▶ _What you will do_
Pictures must not appear in the copy. Set down exactly the line with "SAH, Lom prestekontor, K/L0002: Ministerialbok" and each line after it through the end of the data below.

▶ _Exercise data_
━━━━━━━━━━━━━━━━━━━━
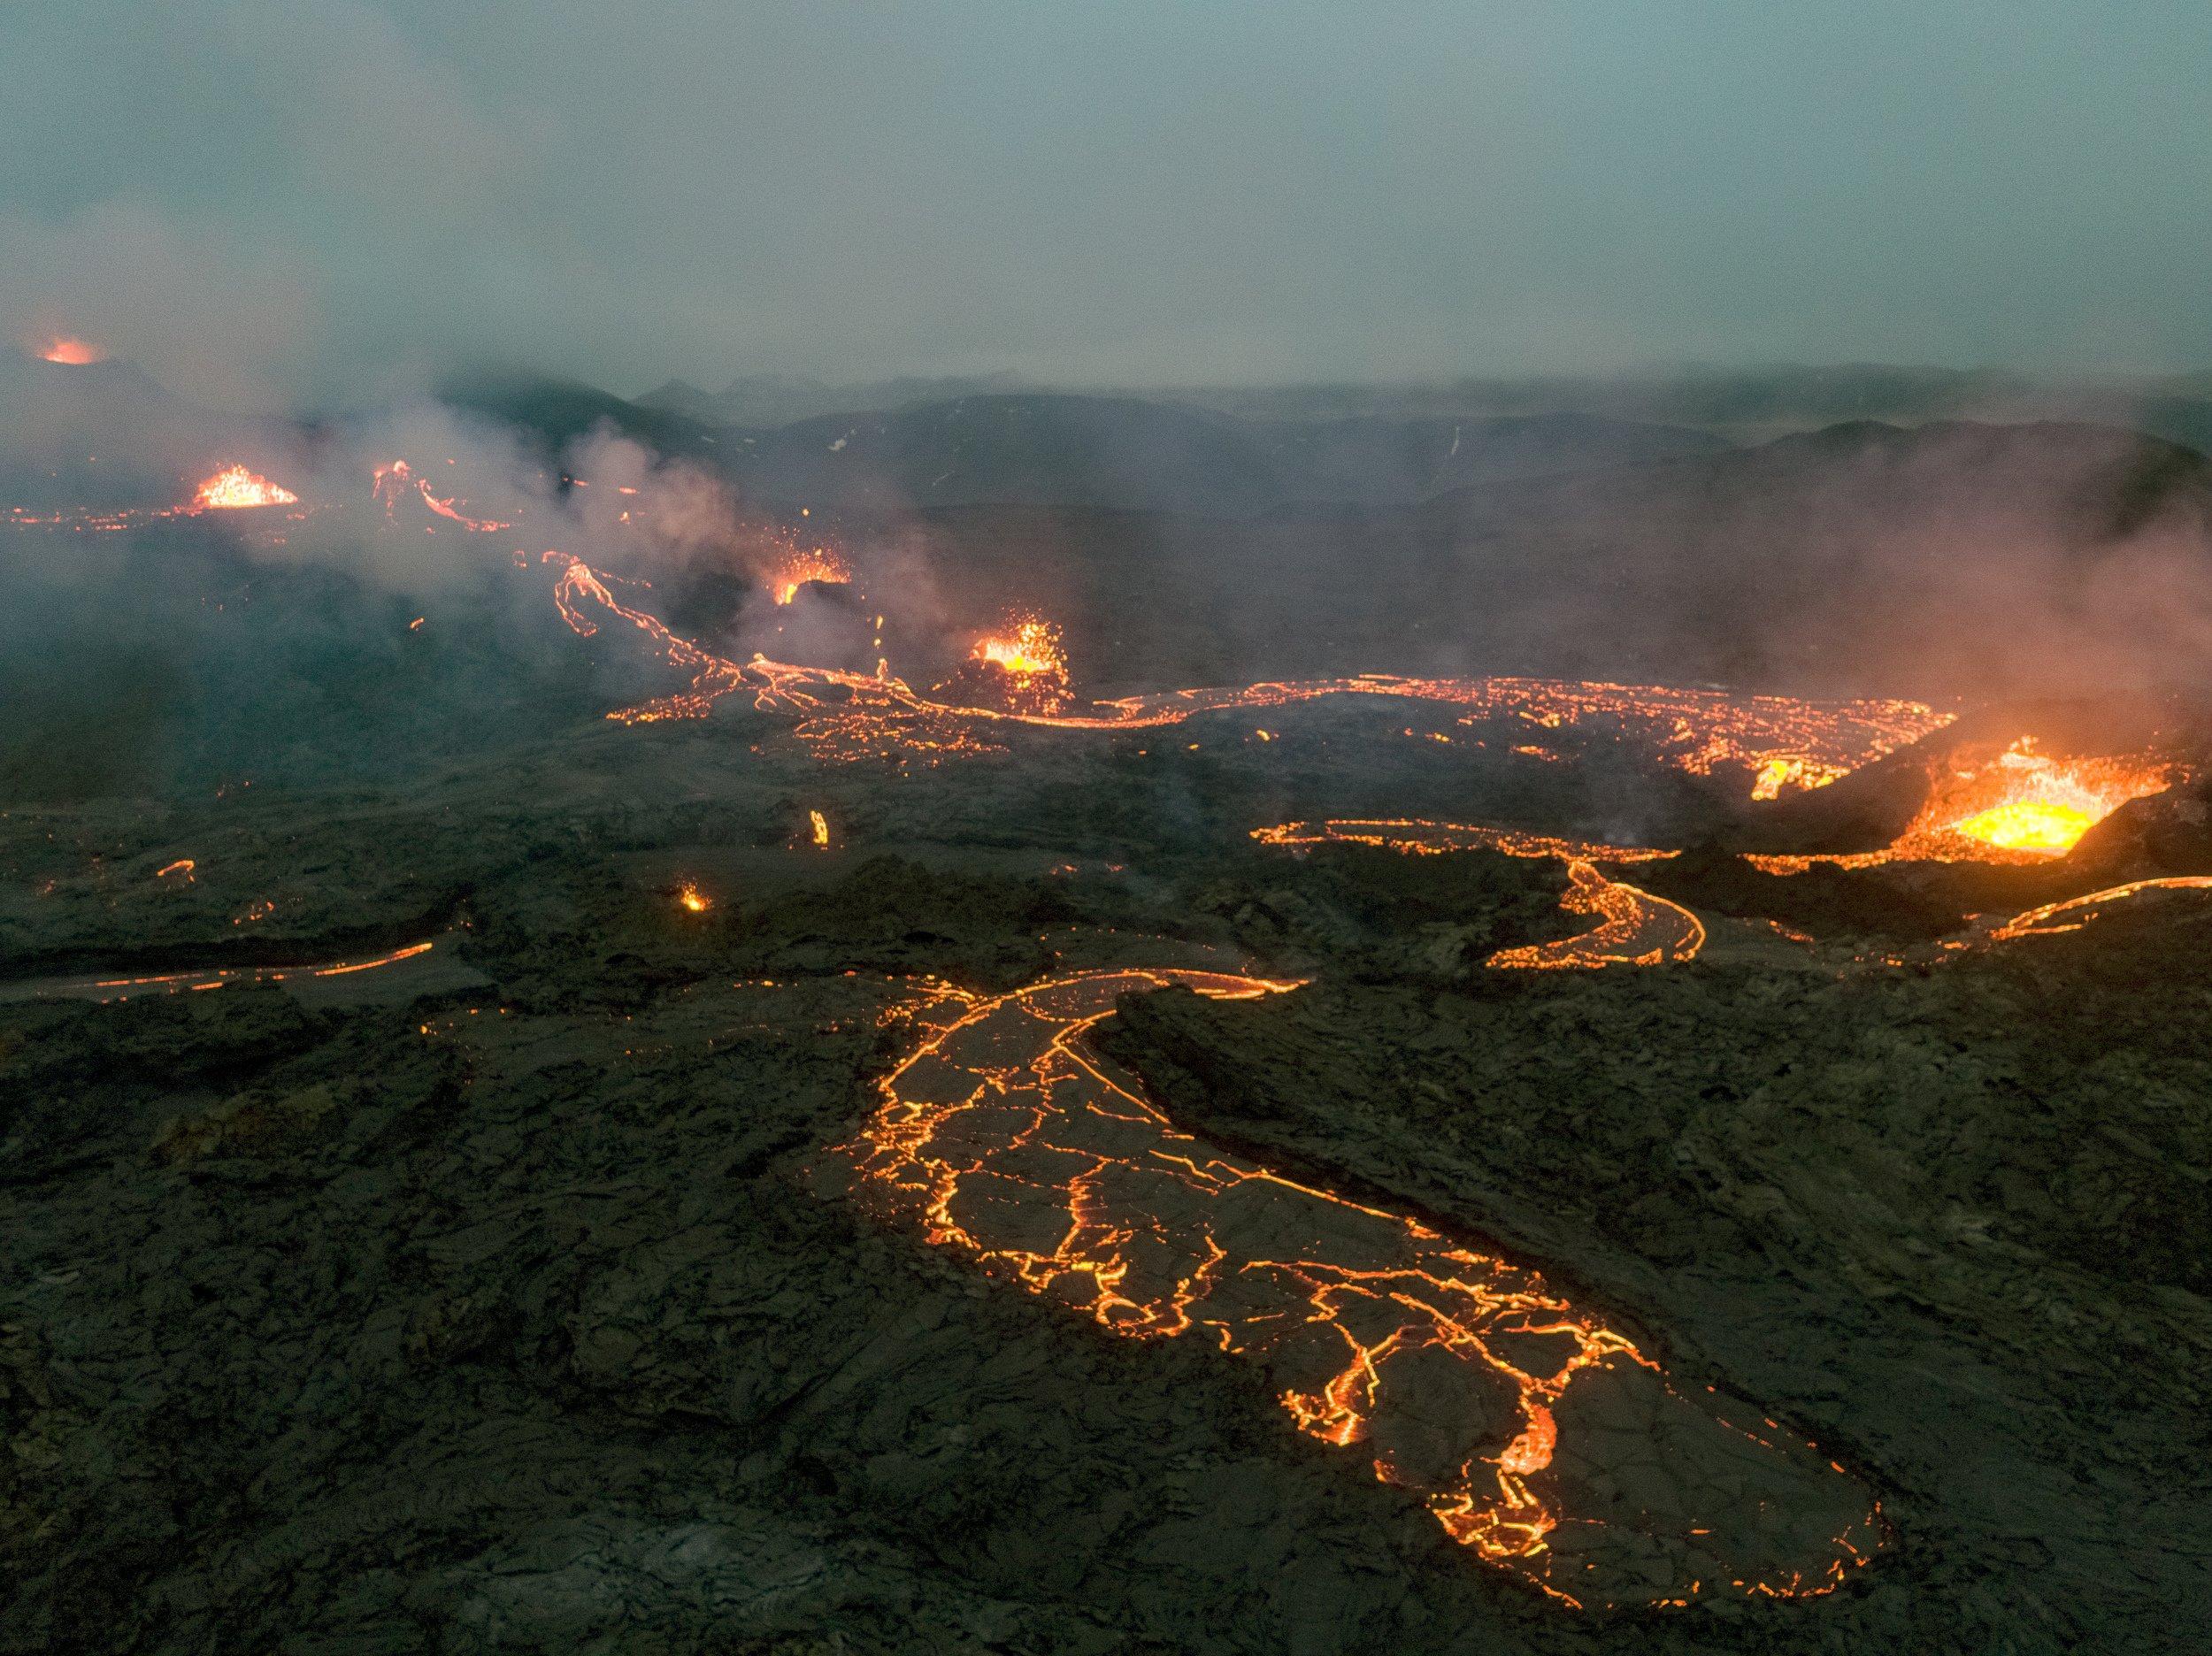 аэрофотосъёмка,пейзаж,iceland,вулкан,извержение, Stepanov Ruslan
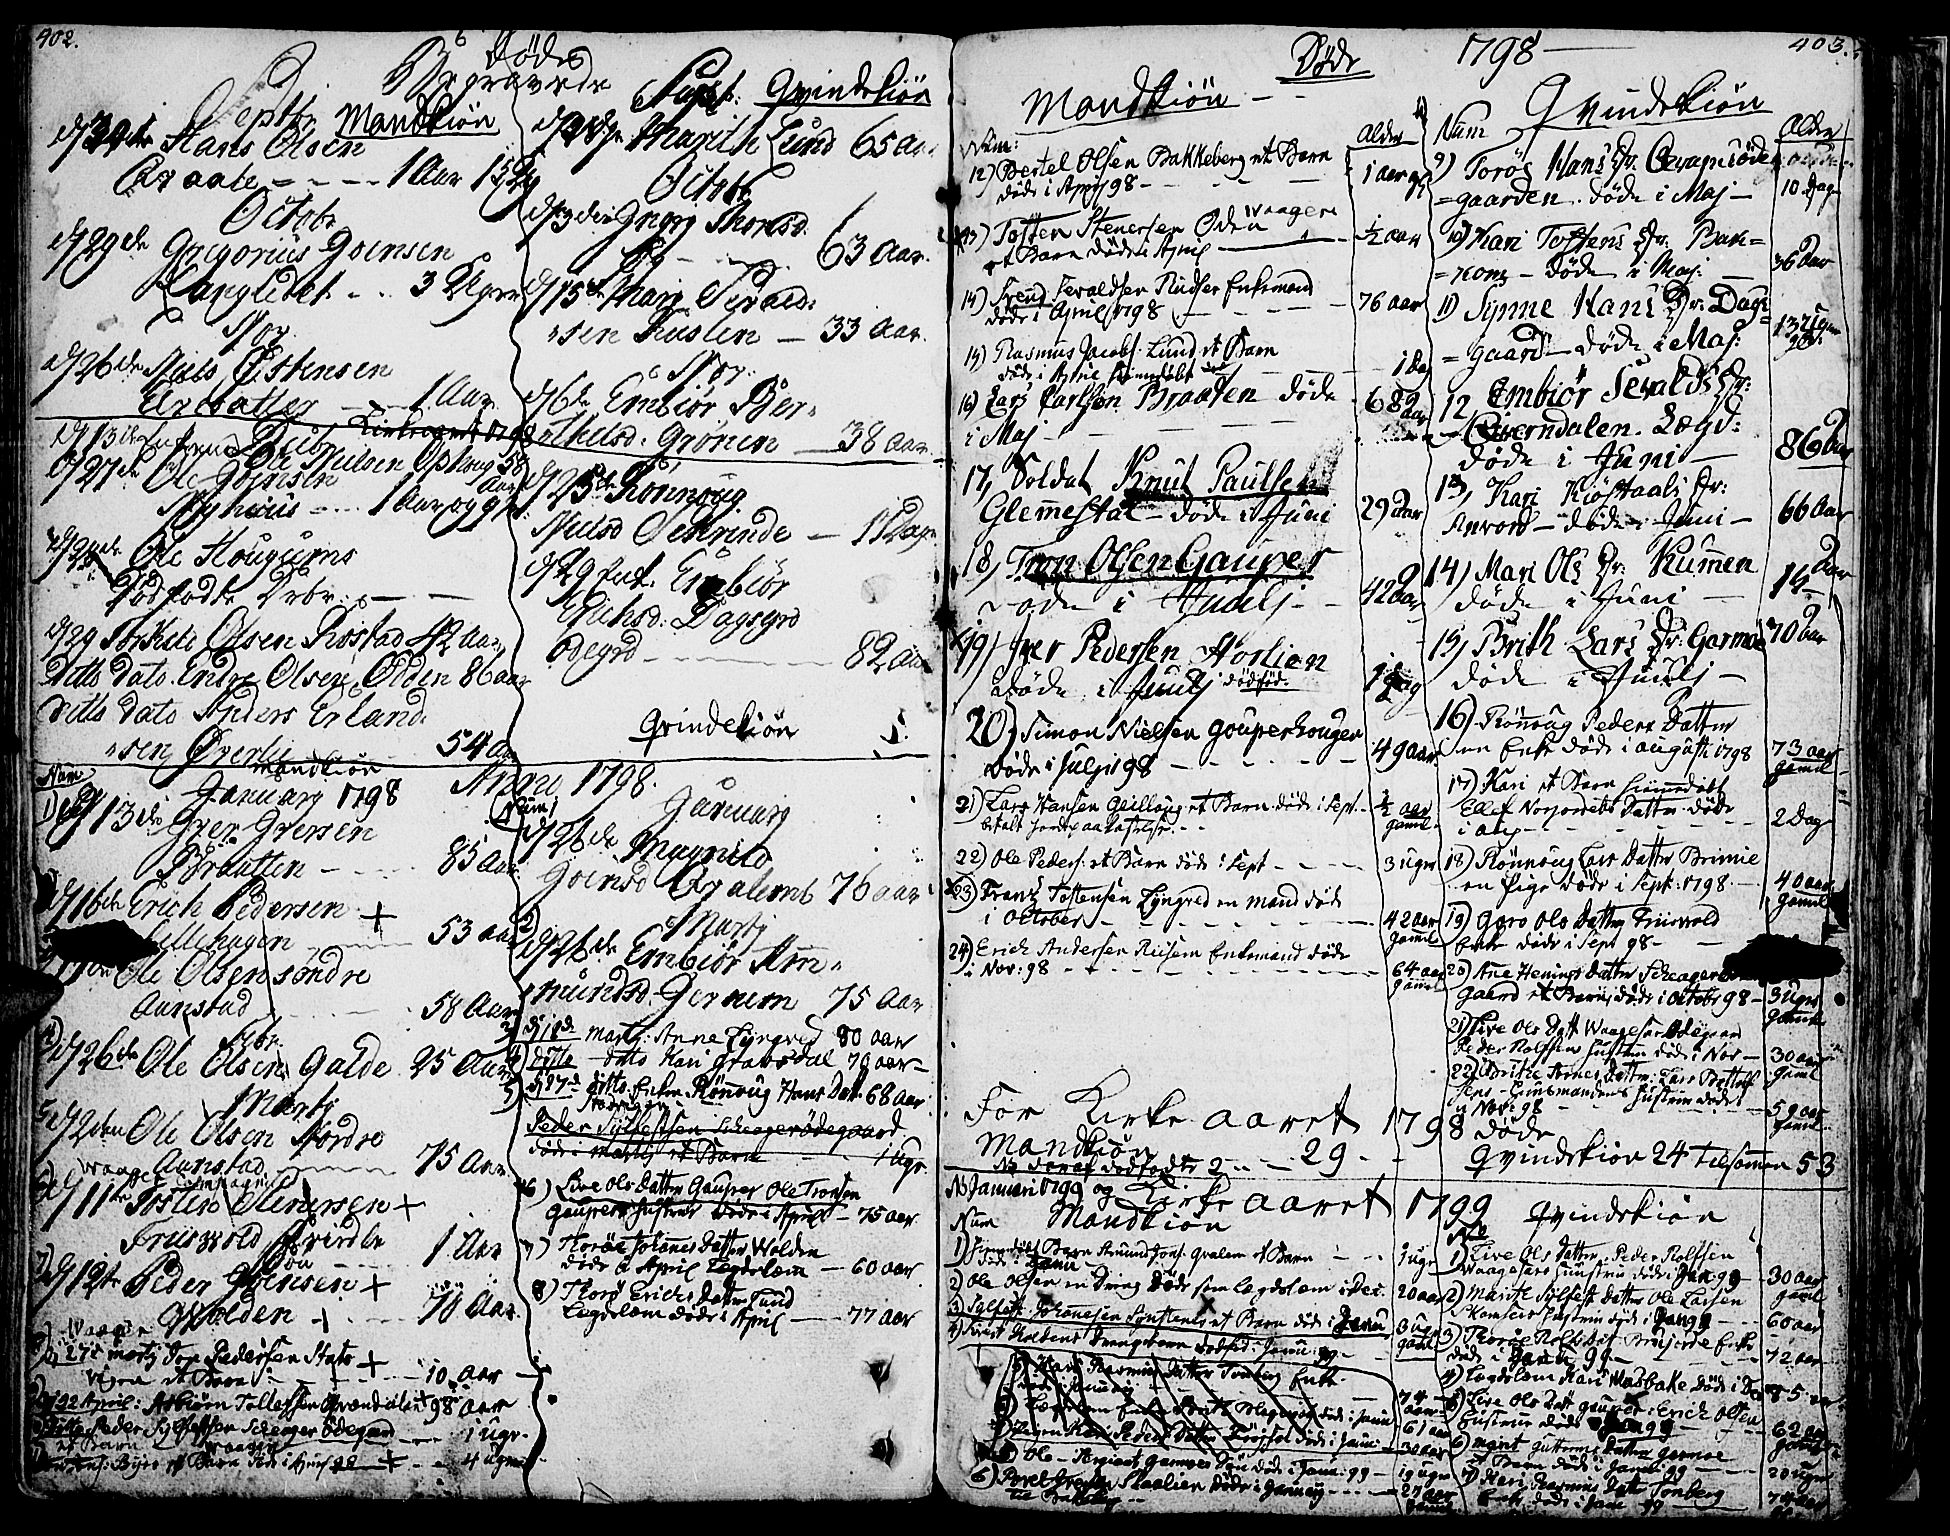 SAH, Lom prestekontor, K/L0002: Ministerialbok nr. 2, 1749-1801, s. 402-403
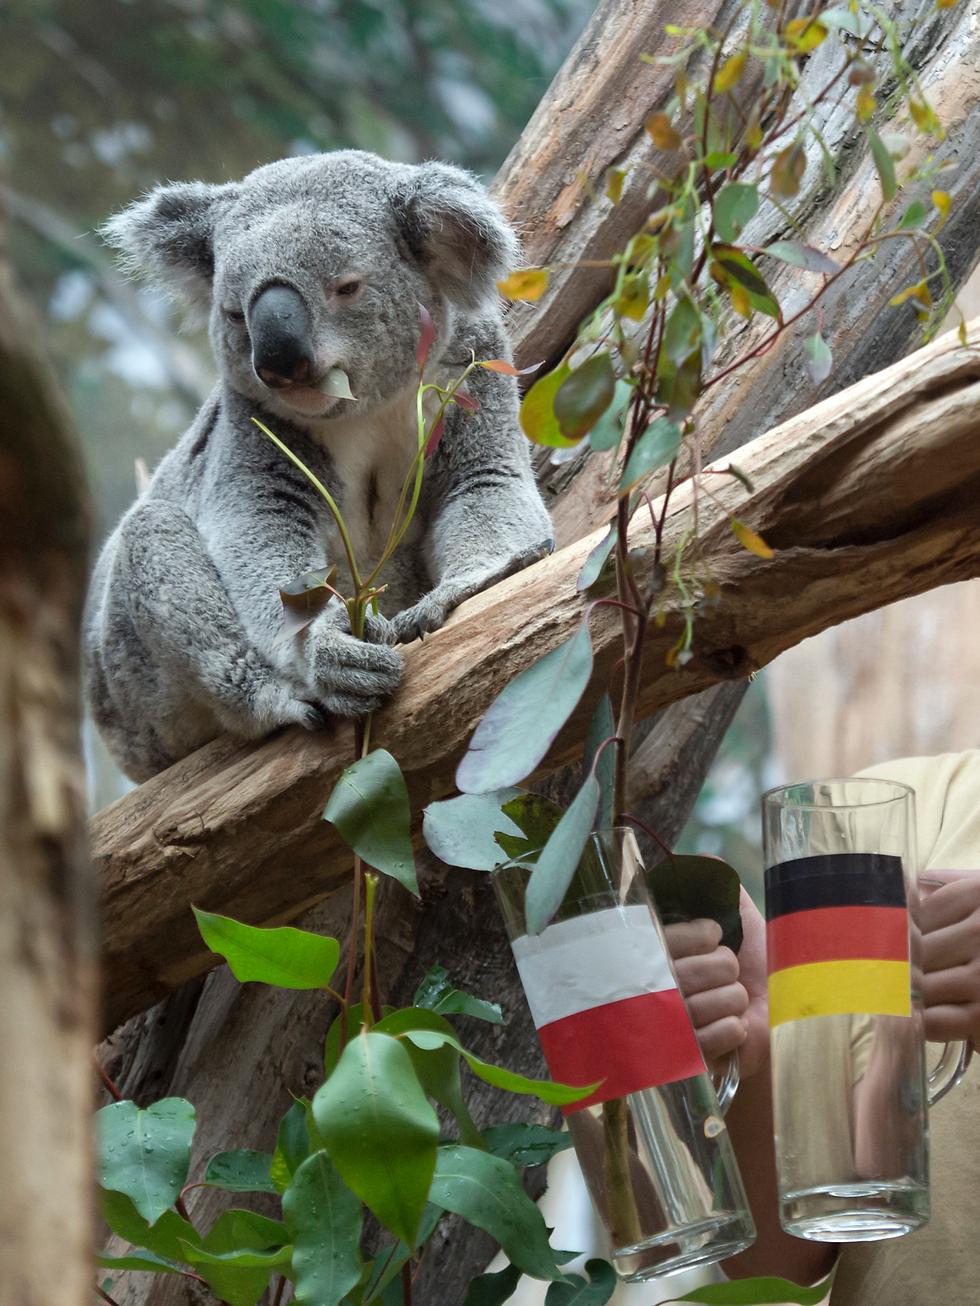 דוב קואלה מנסה להכריע מי תנצח במשחק בין גרמניה לפולין ביורו. נגמר 0:0 (צילום: AP)
━━━━━━━━━━━━━━━━━━━━
▶ _Answer space_
 SAH, Lom prestekontor, K/L0002: Ministerialbok nr. 2, 1749-1801, s. 402-403
 דוב קואלה מנסה להכריע מי תנצח במשחק בין גרמניה לפולין ביורו. נגמר 0:0 (צילום: AP)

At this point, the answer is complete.